あさごはんのなっとうを食べながら、目を泳がせて
わすれちゃったとかウソつきながら、こうさぎが相談してきた。


少し前から、たぶん悩みがあるのかなって思っていた。ときどき幼稚園に行きたくないっていうのは、何かありそうだけれどなにかしら・・・と・・・ここ1月ほど気になっていた。


あ、そうだんしてくれるのか。


なんだかそのことにホッとして、悩みの内容はともかく、安堵する。

こうさぎが言うには、こうさぎが一緒に遊ぼうって誘うお友達のうち2人に、最近いつも「こうさぎくんとは遊べないよ」と言われるらしい。どうしてって聞いても教えてくれない、ということだった。
こうさぎはいままでともだちが多すぎて私の子であることが不自然なくらい(汗)だったから、やっと人間関係にも躓きを覚え始めたことに成長を感じた。

「こうさぎが思うのは、あのふたりは、ねんしょうさんのときしずく組さんだったから、ずっとふたりでなかよしだったからこうさぎをいれたくないんだと思うんだ・・・」
しょんぼりしている。

あまりに可愛らしい悩みとその姿。

ああんもう!だいじょうぶ!!ママはね!こう見えても!こういうそうだんプロだから!!!全力でこうさぎのチカラになるわ・・・☆☆と目から炎が出そうになったが、さてどんなところから話そうかと思うと全然何も思い浮かばない。
仕事っぽいことができない。
4歳児にカウンセリングとかしたことないしっていうか、
ともだちでもそうだが身近な人であればあるほど、そうだんは素でしか聞けないのだ・・・なんだか。

さて、素の私の、なんと乏しいことだろう。。。
本当に何も言ってやれる言葉がない。
だって私、このくらいの年齢の時はこうさぎほどともだちがいなかったので
たいしたトラブルもなかったんだもの。(汗

結局、
こうさぎの行動にひとつふたつアドバイスと、「遊べる子と遊んでいればいいわ」と言って、
「ママはこうさぎといつも遊びたいな。せかいでいちばん大好きだもの。」と言ってやったら膝の上でまるまってニコーっとした。

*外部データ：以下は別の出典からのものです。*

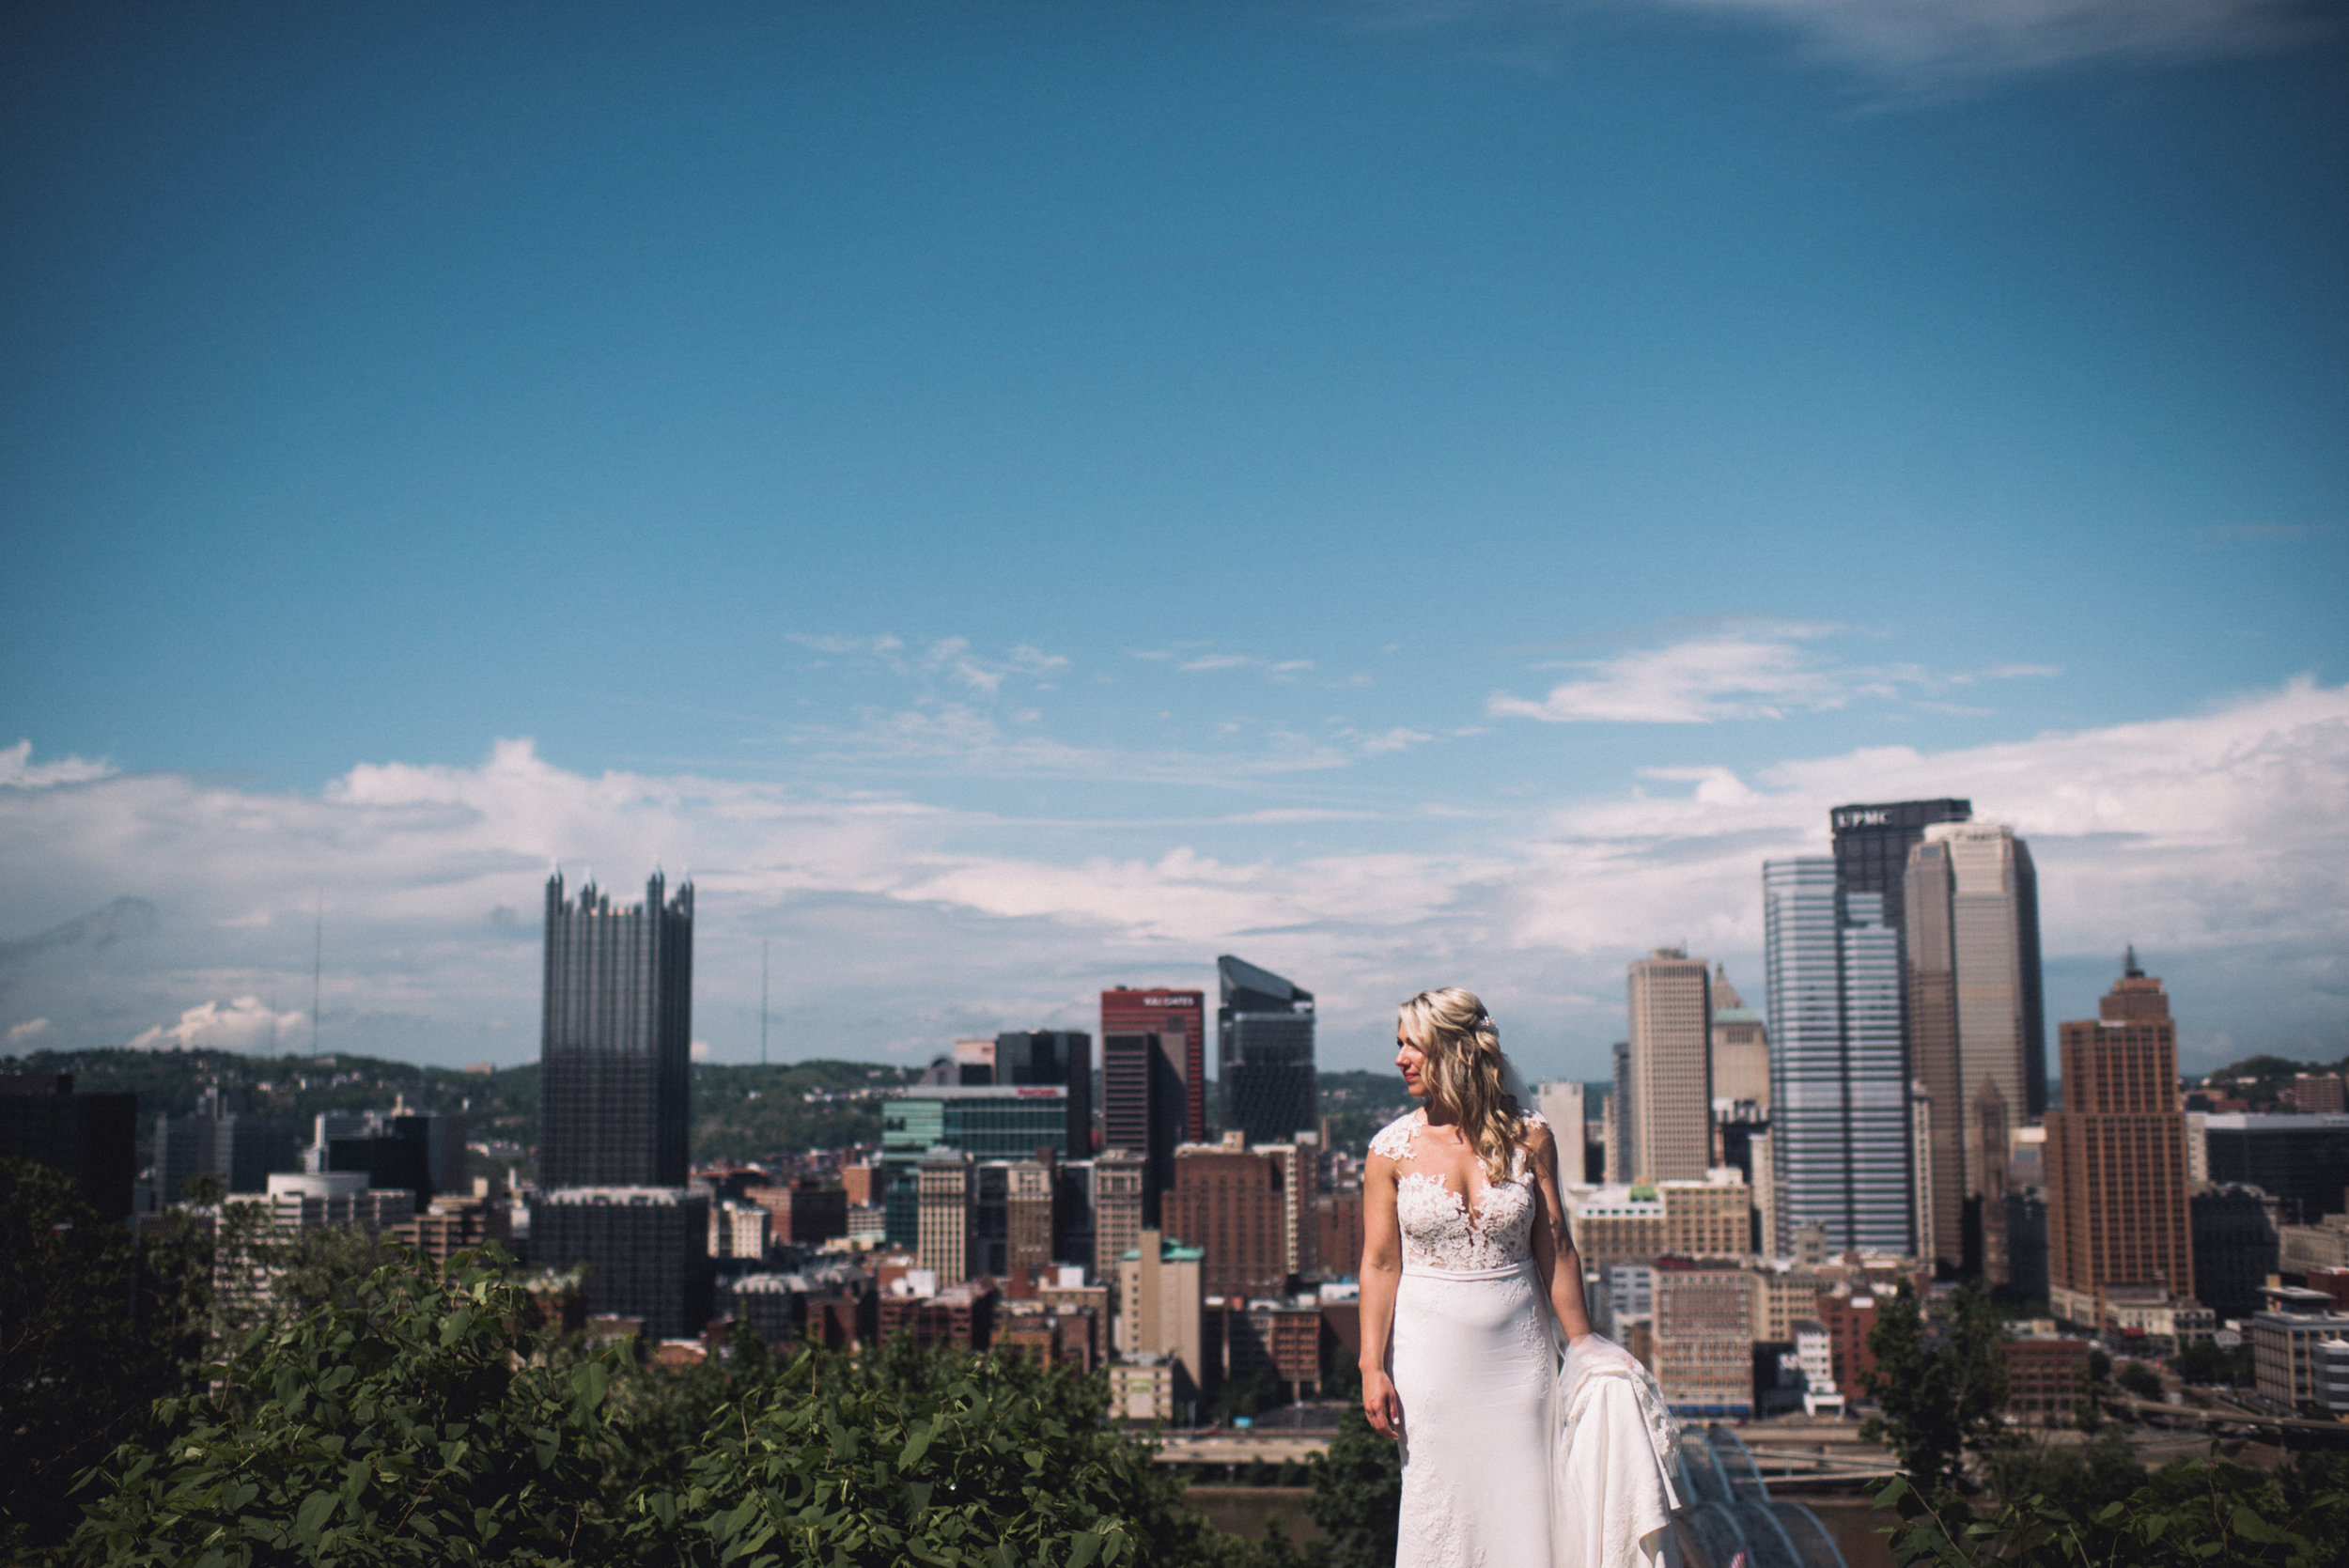 Pittsburgh Pennsylvania New York NYC Wedding Photographer Photojournalist Luxury Downtown Opera - Stirpe 984.jpg

そして「今日はどこへ行こうか」とか別の話をした後、こうさぎはもう一度思い出したのか、かみしめるように
「うん、遊べる子と遊ぶんだね」
と言った。


実はおととい、3連続でかんしゃくを起こしたこうさぎに対してホトケの顔が売り切れ、
「もうこんなワガママな子育てられないっ!!!!出ていきなさいっっ」と怒鳴ってかんしゃく返しをしたばかりの最低な母なのだ。
何年もかけて身に着けた仕事の技も役には立たず、
たいしたアドバイスもできず、
幼稚園で誰にも言えずに傷ついていたこうさぎに家庭でまで塩を塗り込んでしまい、
なんか、、、こんなママでごめんなさい・・・。

その反省もあってとにかく、
こうさぎはママにとってはかけがえのない存在なのだということだけは伝わったらいいなと、胸が痛んだ。


成人のともだちの悩みならいろいろとテクニックもあろうが、
幼児のともだちの悩みに親がすべきことはただ一つ、とにかくかわいがってやるだけだと思う。

かわいがってやりさえすれば愛情を受ける中から自信や寛容や共感の心が自然に育つのだから、時間がたてばおのずと悩みは解決していく。


自分で躓きに気が付いてえらかったよ、こうさぎ。
そして、
相談してくれてうれしかったよ。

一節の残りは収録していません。